The investigation's code words, Operation Panulirus, were taken from the scientific name for the shellfish delicacy, Panulirus interruptus.

The wily and elusive species, which is highly regarded for its meaty tails, is found in the caves and crevices of rocky reefs. The season, which runs from late October to mid-March, is timed to coincide with the period when the lobsters are not breeding and moving into deeper waters.

Judging from the number caught in recent years, the population is healthy.

So far this season, California spiny lobster fishers have taken about 1,057,000 pounds, worth an estimated $7.8 million, according to Kristine Barsky, a state biologist and expert on the California lobster fishing industry.

A record 1.1 million pounds of spiny lobster was hauled out of California's clear green water in 1949.

"We know there is commercial lobster poaching going on," Barsky said. "But we have no way of estimating the scale of the problem."

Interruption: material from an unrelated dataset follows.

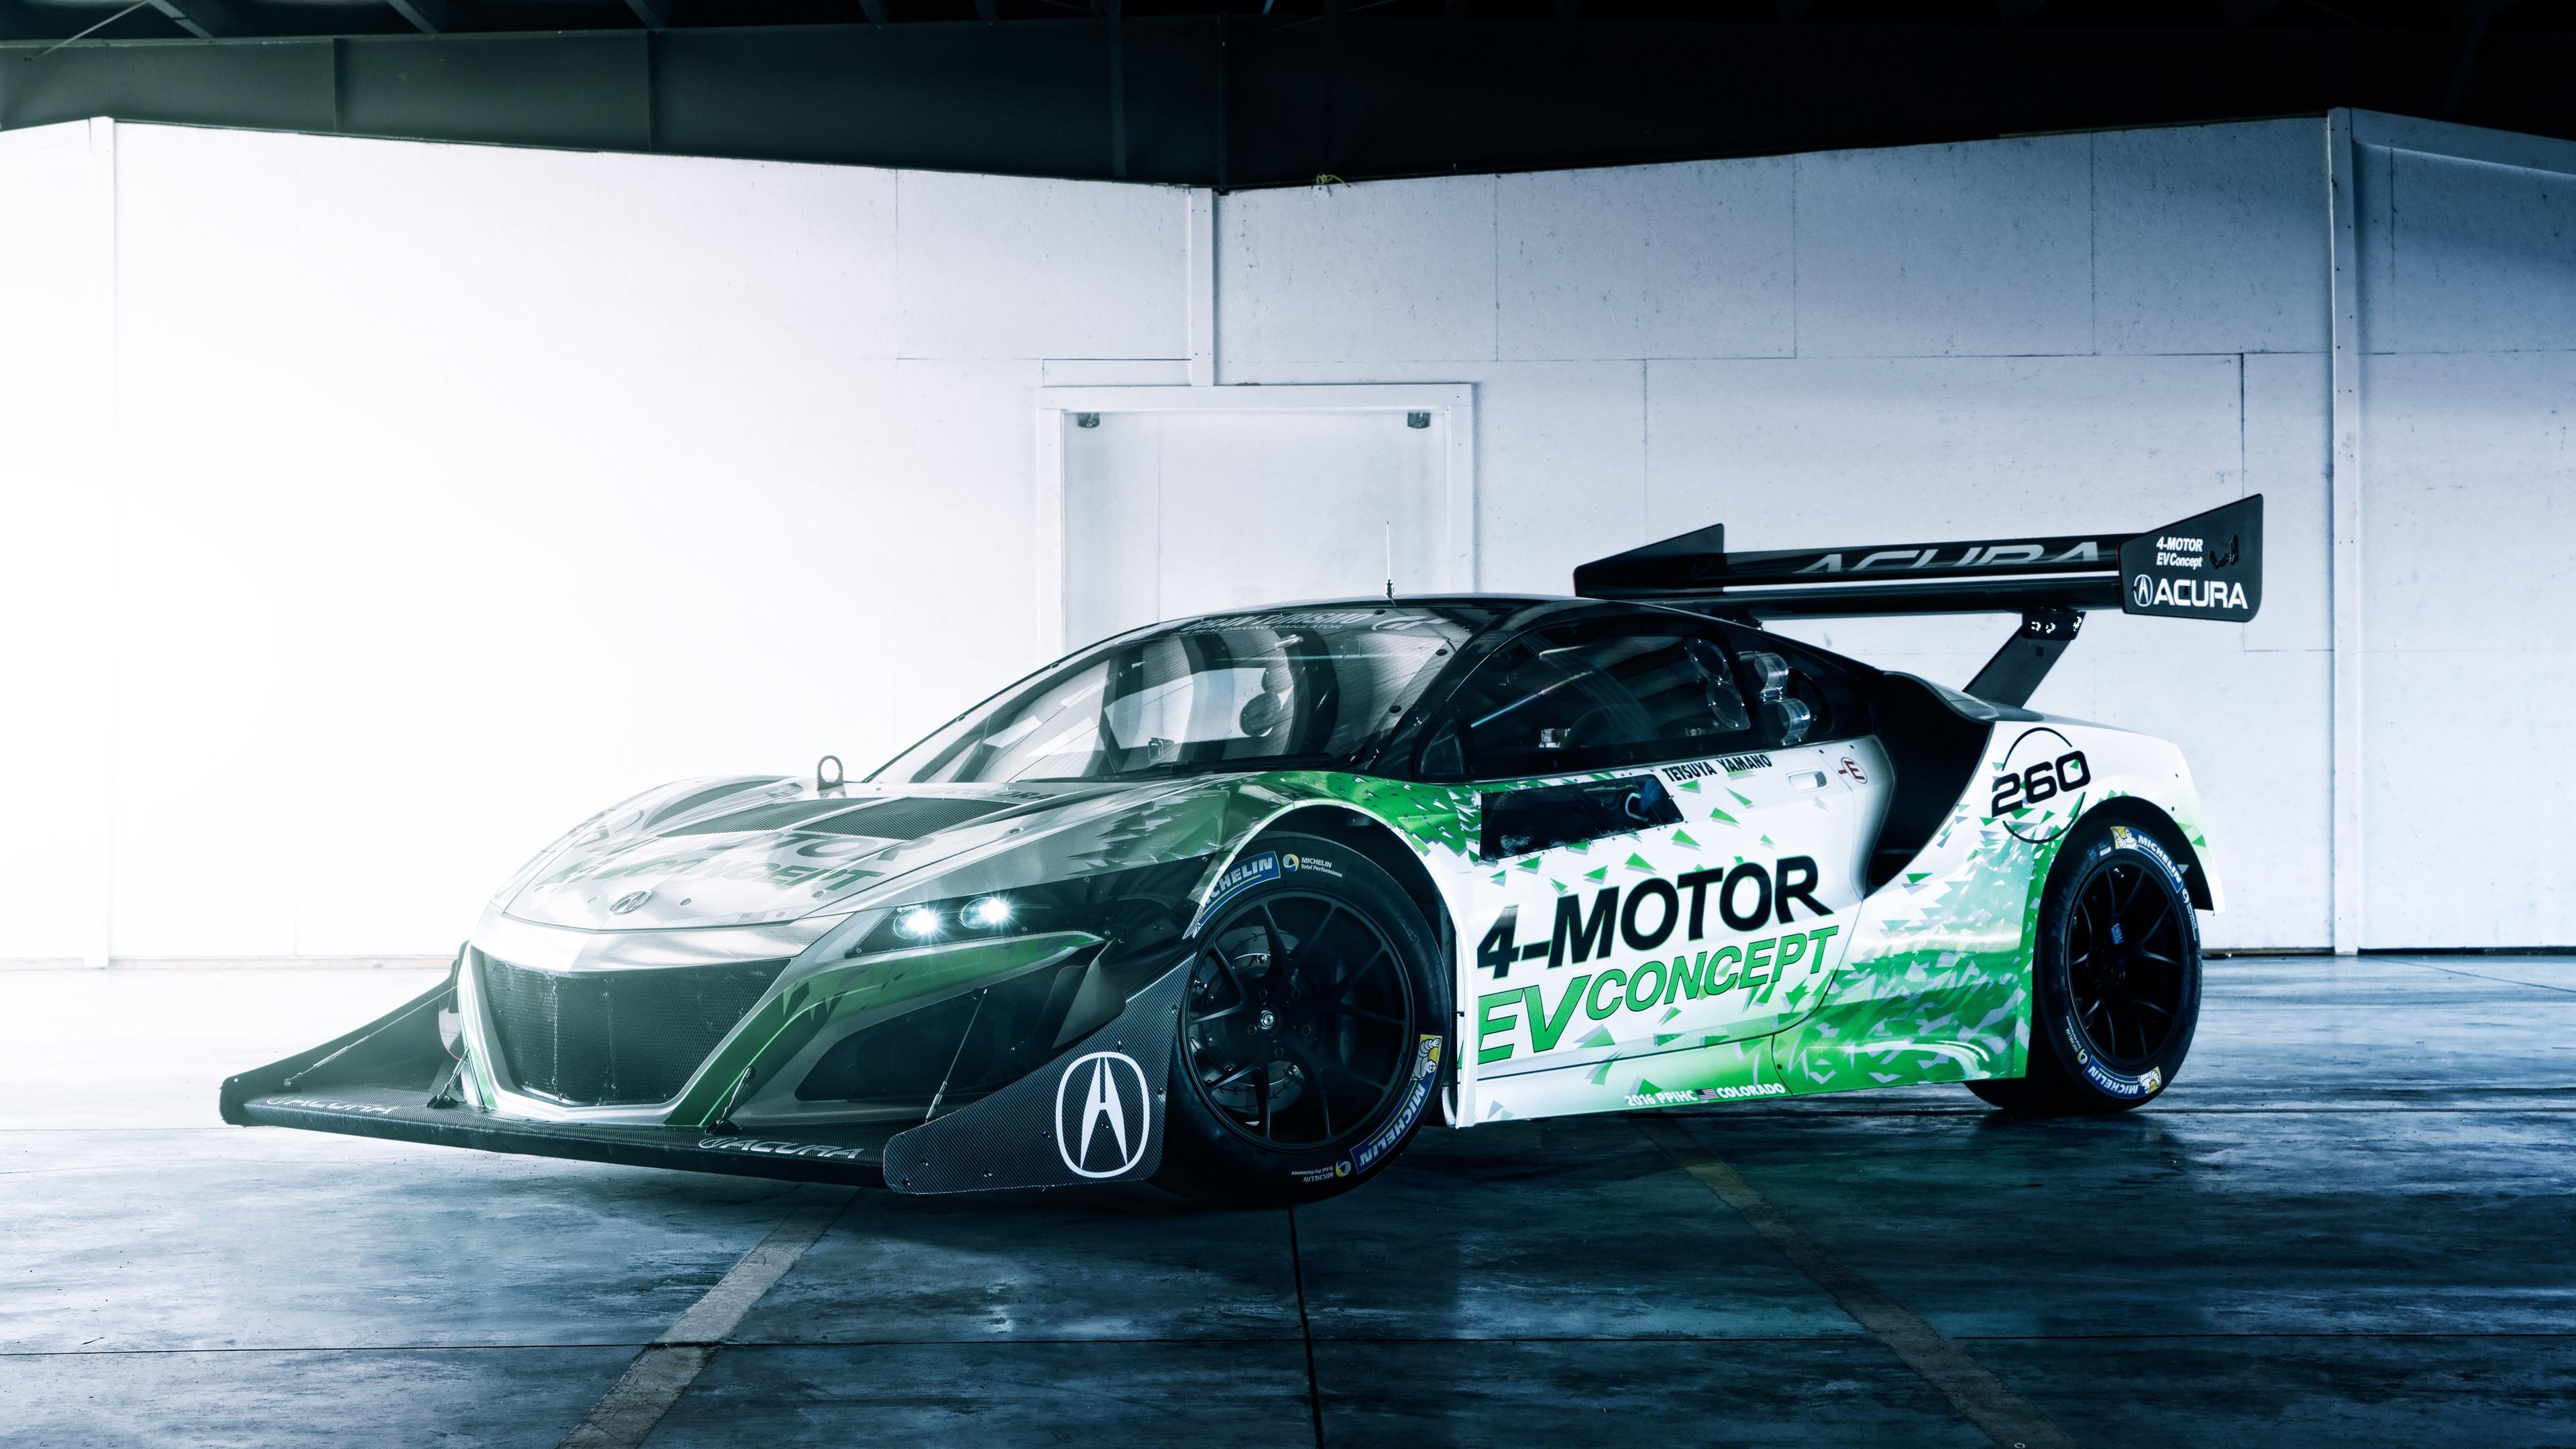 2017 acura nsx ev concept 1539104787 - 2017 Acura Nsx Ev Concept - concept cars wallpapers, cars wallpapers, acura nsx wallpapers, 2017 cars wallpapers

Operation Panulirus involved about 15 game wardens, some of them from as far away as San Diego and Ventura, and assistance from the Long Beach Police Department. They relied on radar, electronic surveillance equipment, telescopes and binoculars to monitor the suspects' activities, and bait their traps with the living evidence.

Then they waited.

"Lobster season ends Wednesday, and the weather was getting nasty on the open ocean," said state game warden Lt. Kent Smirl, "so we knew he'd have to go out and service his traps sometime soon."

"He headed out Sunday night," Smirl said. "After that, it was just a matter of waiting for him to come back with the lobster.